Bellu was perched 40 metres from the front, leaning lazily against a rough grey, concrete wall. She was doing her best to sleep through this joke of a lesson. But she had never been able to snooze in uncomfortable places, not like Yusa, her best friend whose jet black hair cascaded over Bellu's left shoulder and arm. They had both worked late into the night, scouring the streets for tossed away recyclable bottles which would help them to earn enough to buy fruit, or maybe some bread. Eight huge sacks worth in one could even buy them two hot broths of stew, which seared their throats at first touch and gave them a rush of warmth and a burst of glorious satisfaction that stretched beautifully into the hours ahead.
Sometimes, if they were extremely lucky, a food vendor would let them sleep a few hours upon their rock hard floor, spanning shelter over their heads against the mud and pattering rain that so often slammed down upon them.
But most of the time, the safest place to sleep was in this classroom, where at least they were protected from the monsters that roamed the street in a drunken tornado. Or worse, the non-drunk fiends who Bellu and Yusa had heard stories of. There were many cruel or uncivilized people in Washti, and a lot of the time they were both. Bellu only had to look at her past to know that.

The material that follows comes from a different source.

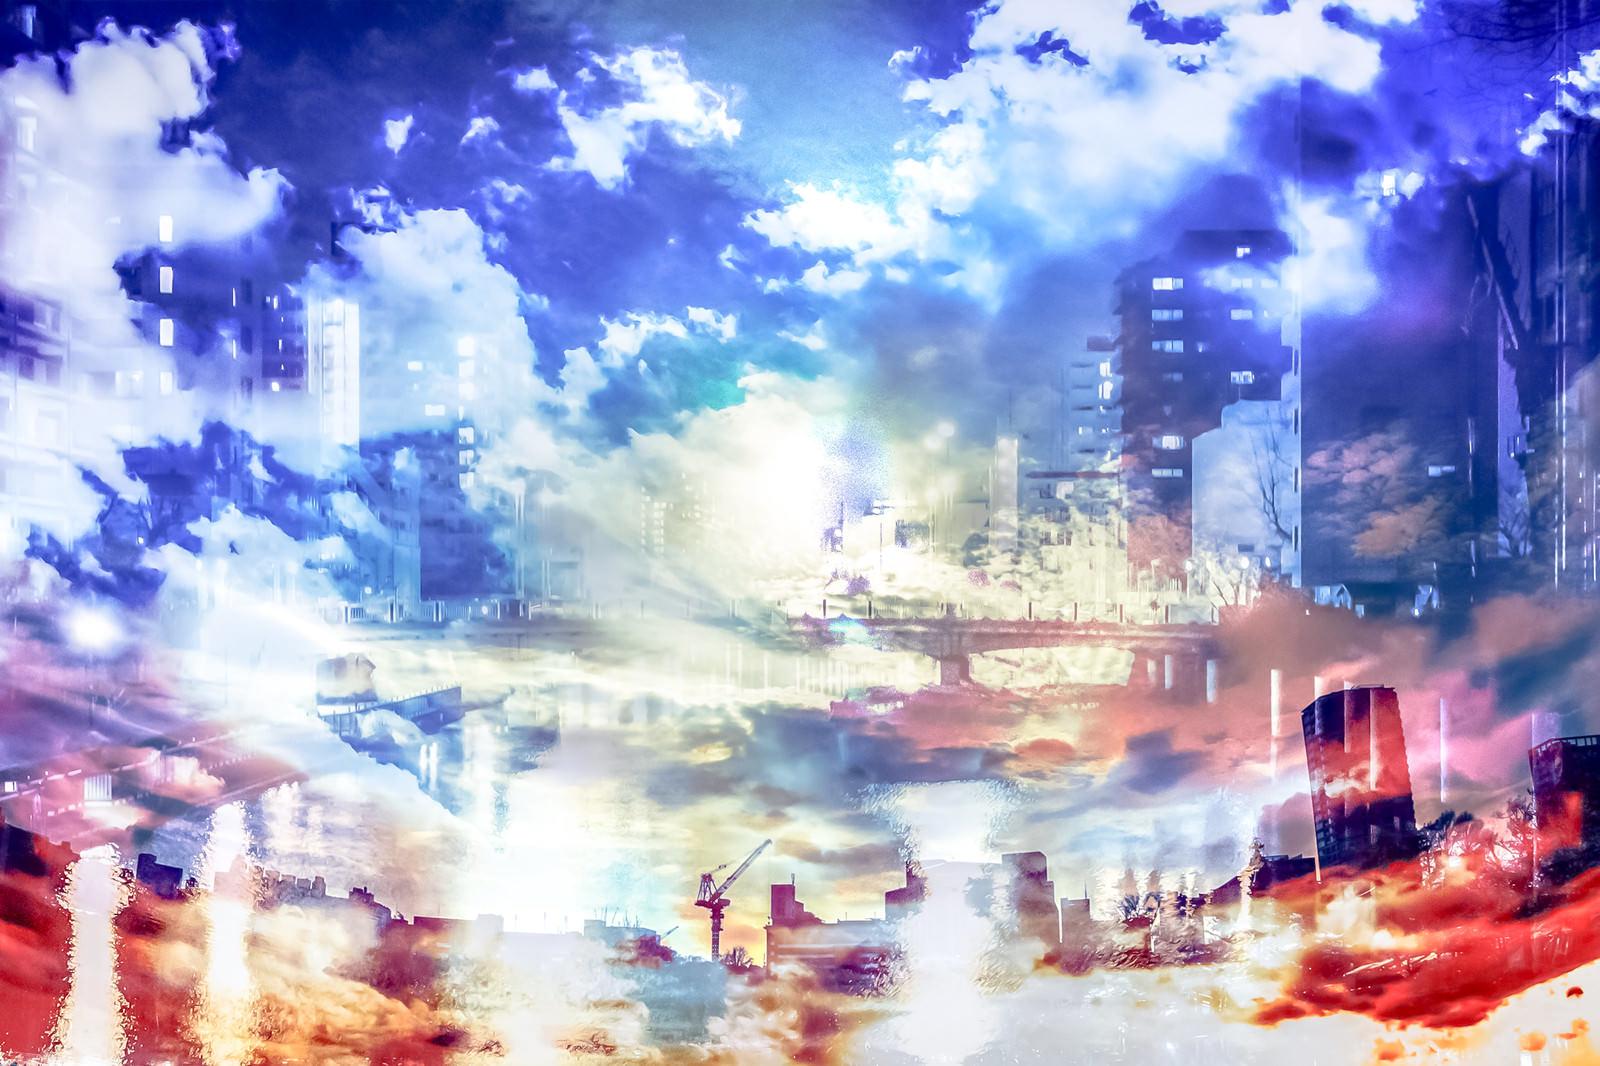 「インダストリアルシティインダストリアルシティ」のフリー写真素材を拡大

She was not a typical 'pest' (the name they were branded with for having no parents and being forced to live on the streets). Most of the Street Pests who lived in this part of the slum had very dark skin, dark hair, dark eyes, and bright hearts. Bellu's skin was extraordinarily pale, and always went red super easily if she walked in the sun for too long. A lot of people commented that she belonged in the Rich Lands to the far North, where apparently most people who looked liked her lived. Additionally, her chestnut brown hair and freckles stood out a billion miles in the ocean of black.
Not even Bellu knew exactly where she had come from. Some of the older grown-ups who had nothing better and worthwhile to do, particularly at Dobo's School, had speculated that her parents were some of the rich visitors who often wandered along the streets, gawping at its occupants as if they were some kind of Human Zoo Occupant. They thought that she had been abandoned for some reason, or perhaps that her parents had been killed and no one cared enough to relocate her back to the world in which she belonged. No one in her life had ever bothered to investigate, and so she had remained in the slum the whole of her life.
Bellu didn't know the truth of her past, and didn't really care much. She just wanted to sleep.
But her greatest ambition of the day was sharply ricocheted away from her by a harsh vibration that ripped through the heart of the building. A huge explosion had been set off and the force had blown uncaringly into the school, causing it to rock back and forth upon its spindly legs.
And then she heard the scream of death. Gunfire.
The entire class stirred from dream or tedium. Bellu felt the weight of Yusa rising off her shoulder, and she saw her friend look around dreamily, wondering why she had been pulled away from the pleasant escape of sleep.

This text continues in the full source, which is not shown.